Given information
####

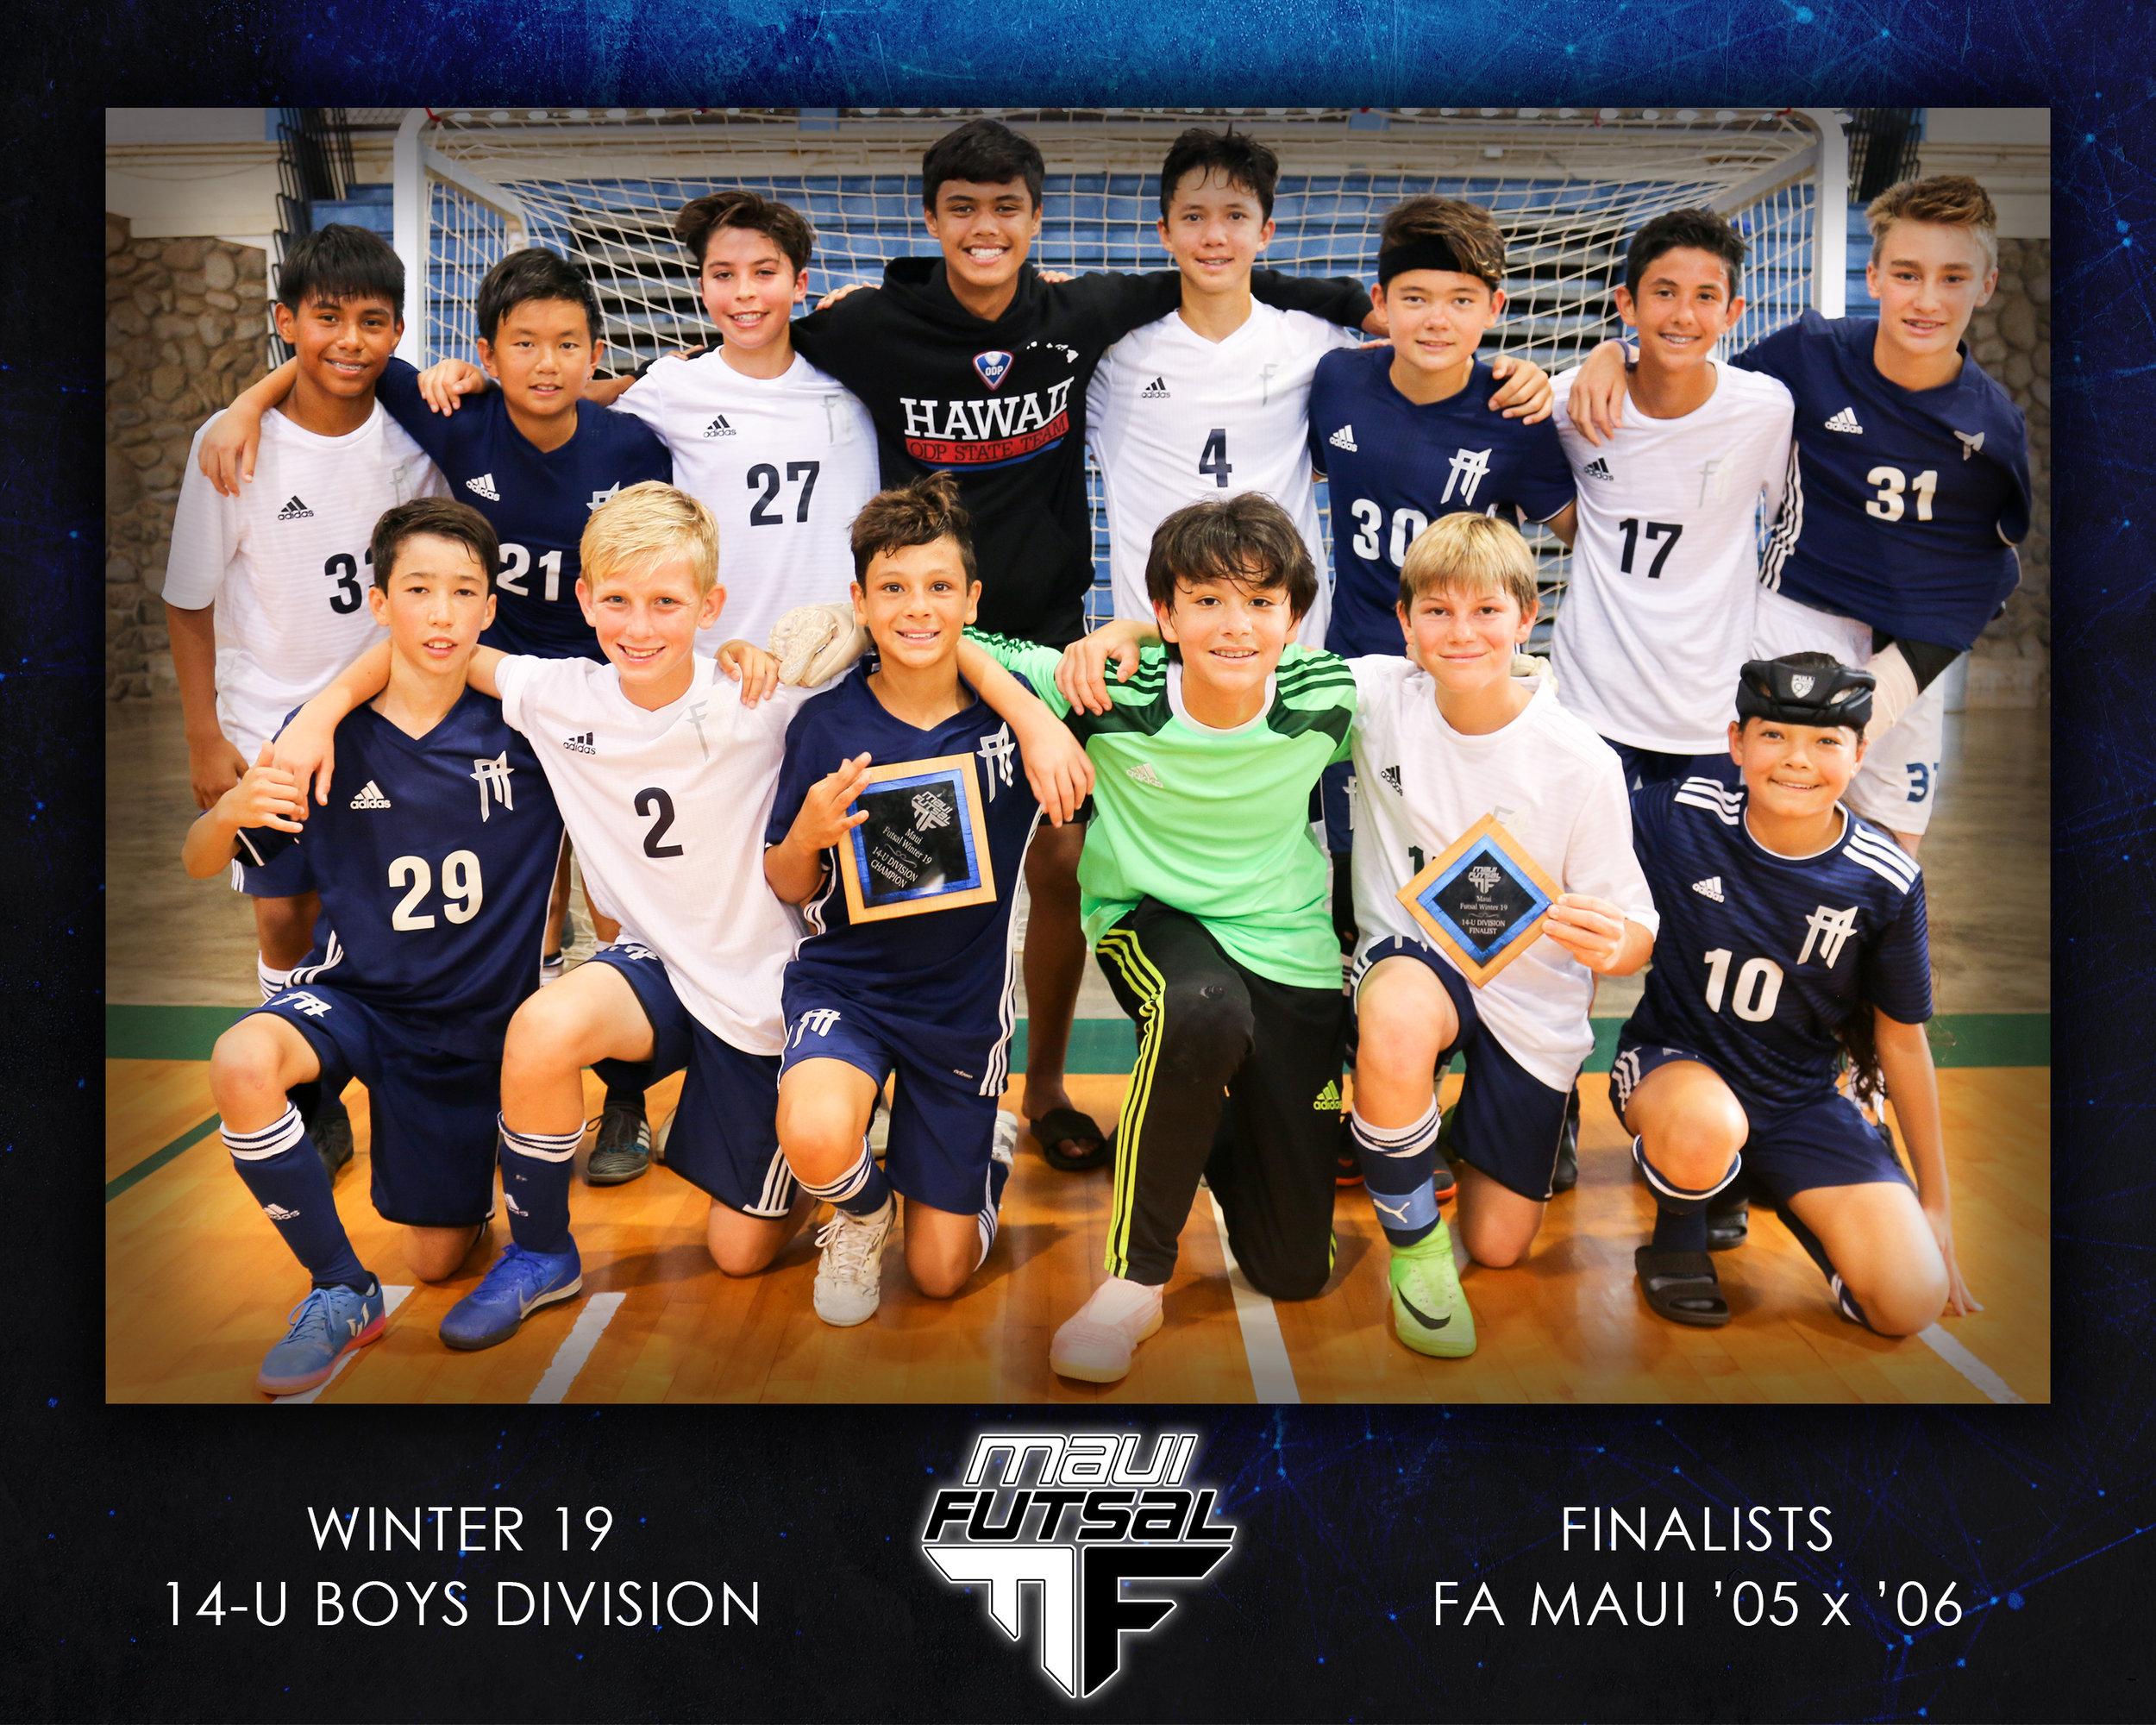 CHAMPIONS: FA Maui '06 Boys | RUNNER-UP: FA Maui '05 Boys
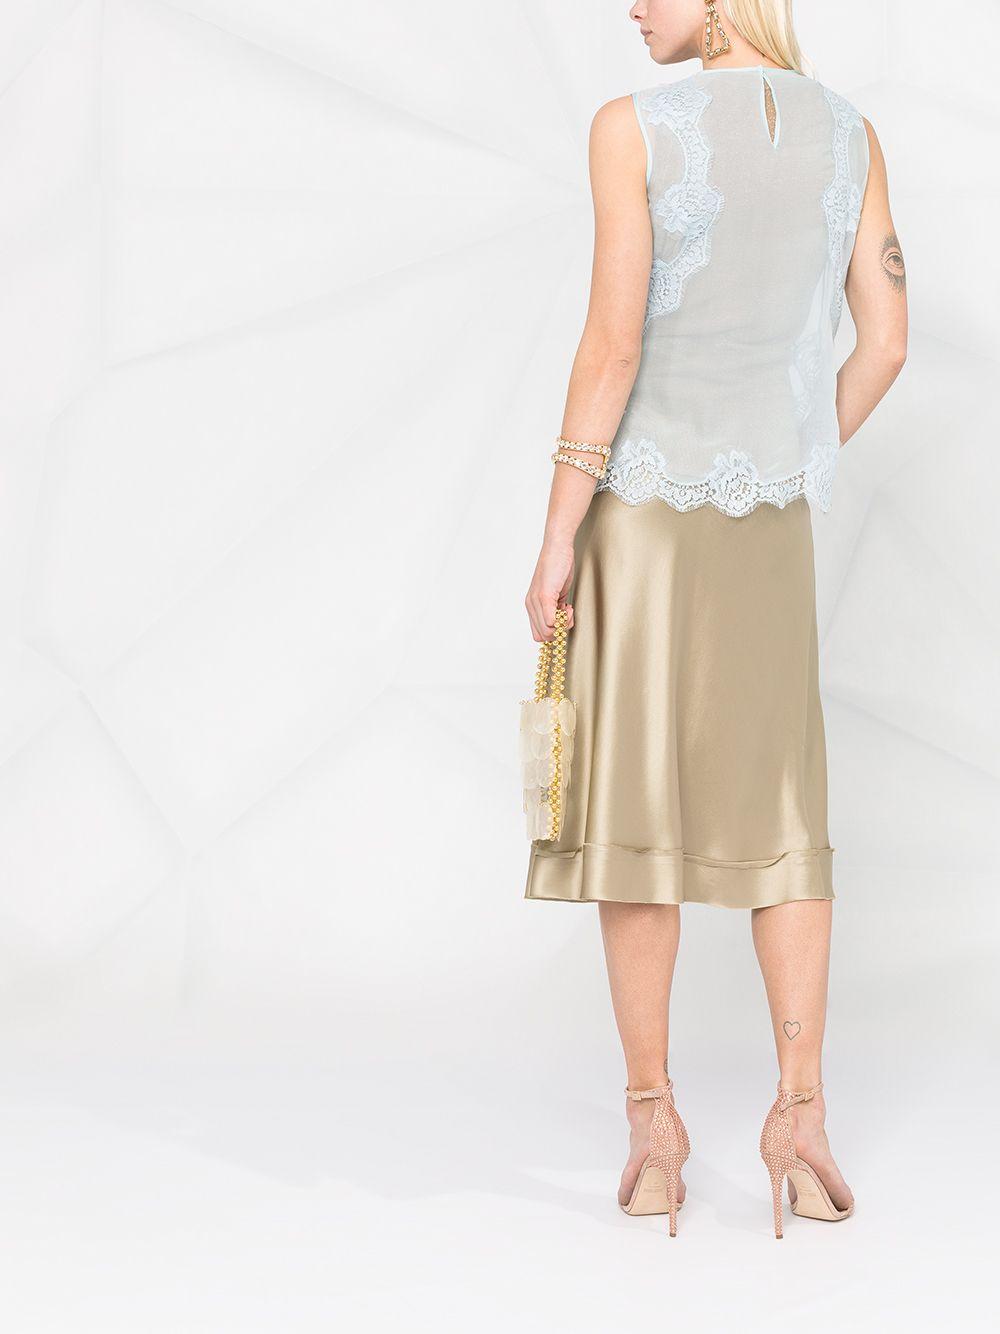 Blusa smanicata in chiffon seta e cotone celeste con inserti in pizzo DOLCE & GABBANA | Camicie | F74K1T-FU1ATB0276
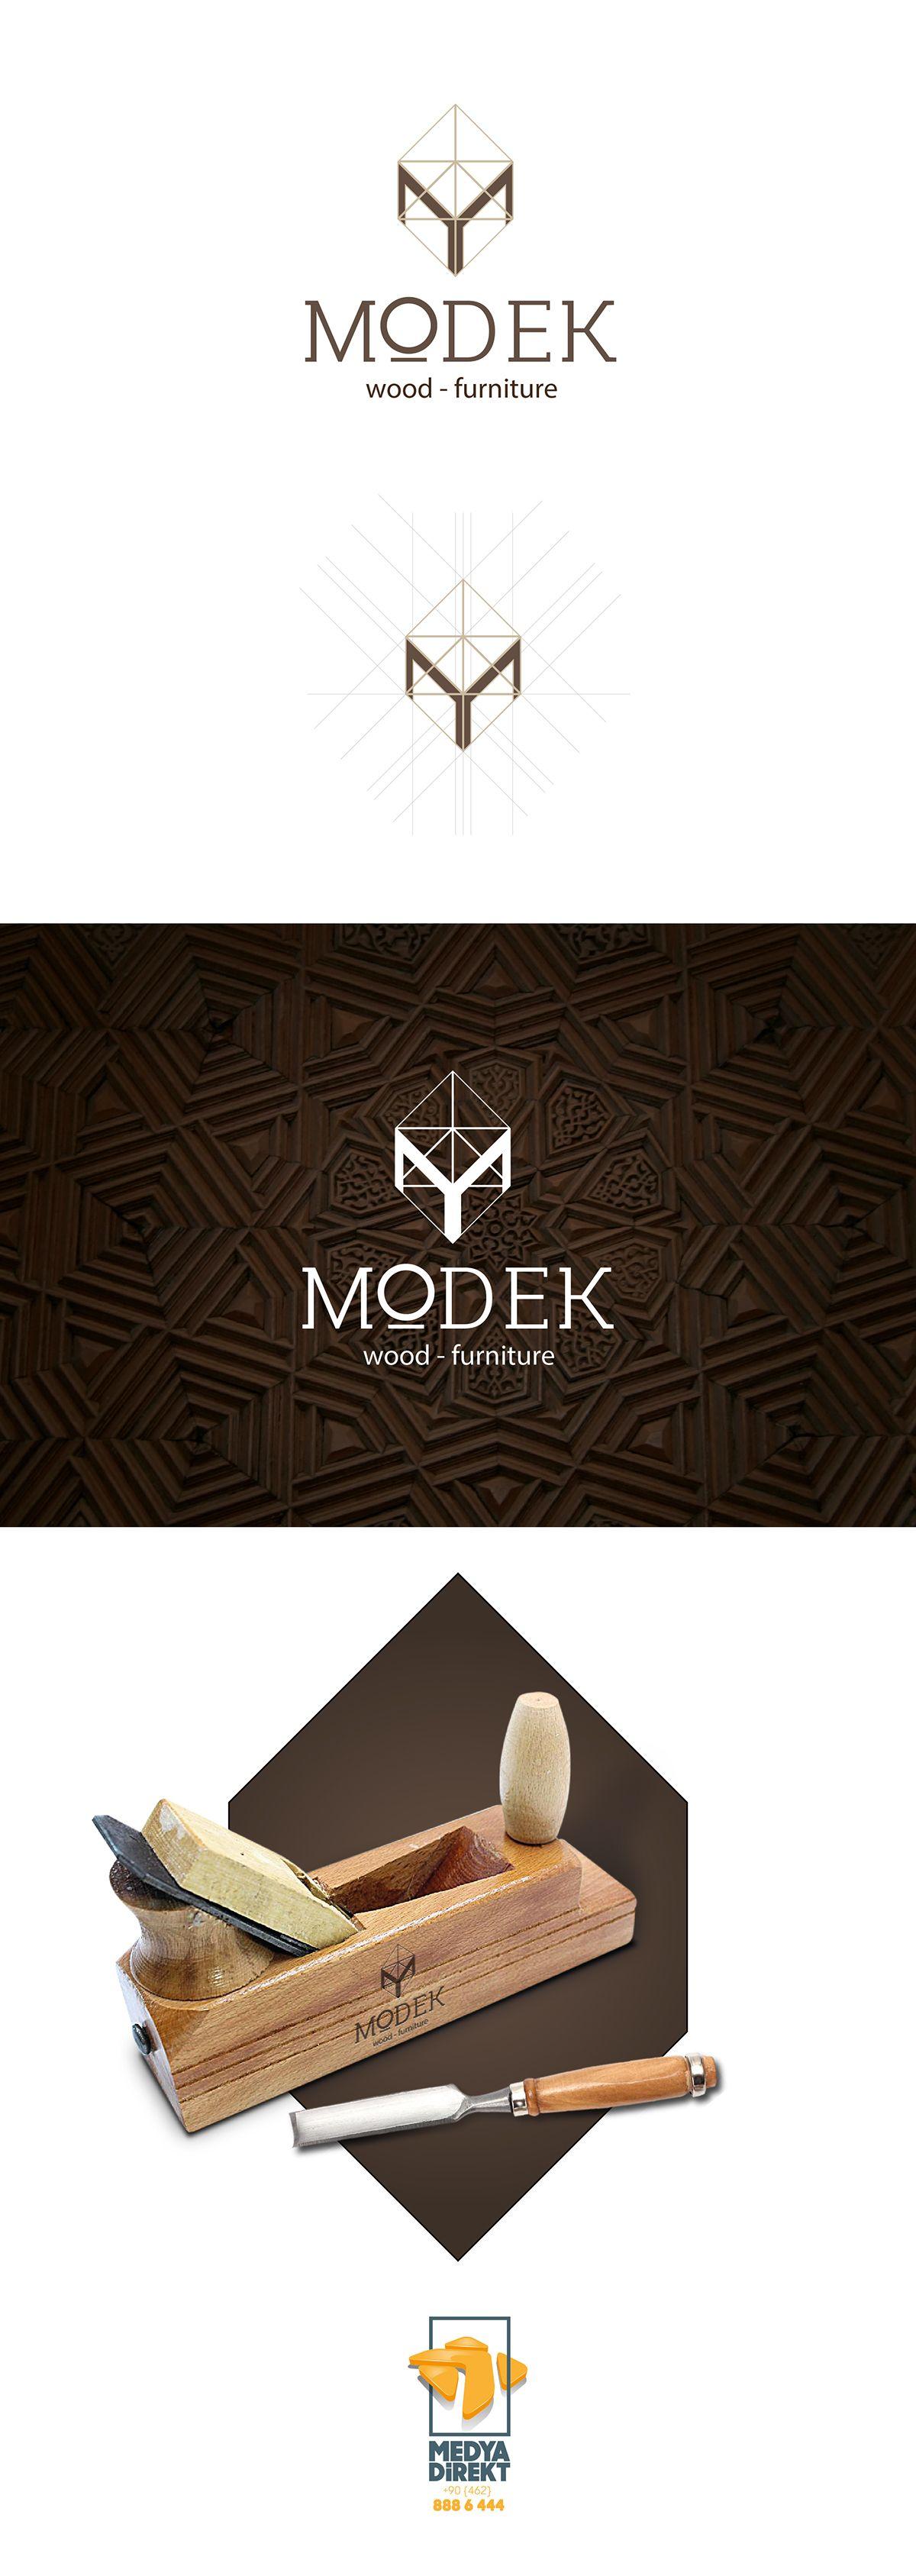 Furniture Logo Ideas On Modek Wood Furniture Logo Design On Behance More u2026 Brand Idu2026

####

Your task
Please transcribe the whole listing above exactly, with the images left out.

Exercise output
 CHAMPIONS: FA Maui '06 Boys | RUNNER-UP: FA Maui '05 Boys
 Blusa smanicata in chiffon seta e cotone celeste con inserti in pizzo DOLCE & GABBANA | Camicie | F74K1T-FU1ATB0276
 Furniture Logo Ideas On Modek Wood Furniture Logo Design On Behance More u2026 Brand Idu2026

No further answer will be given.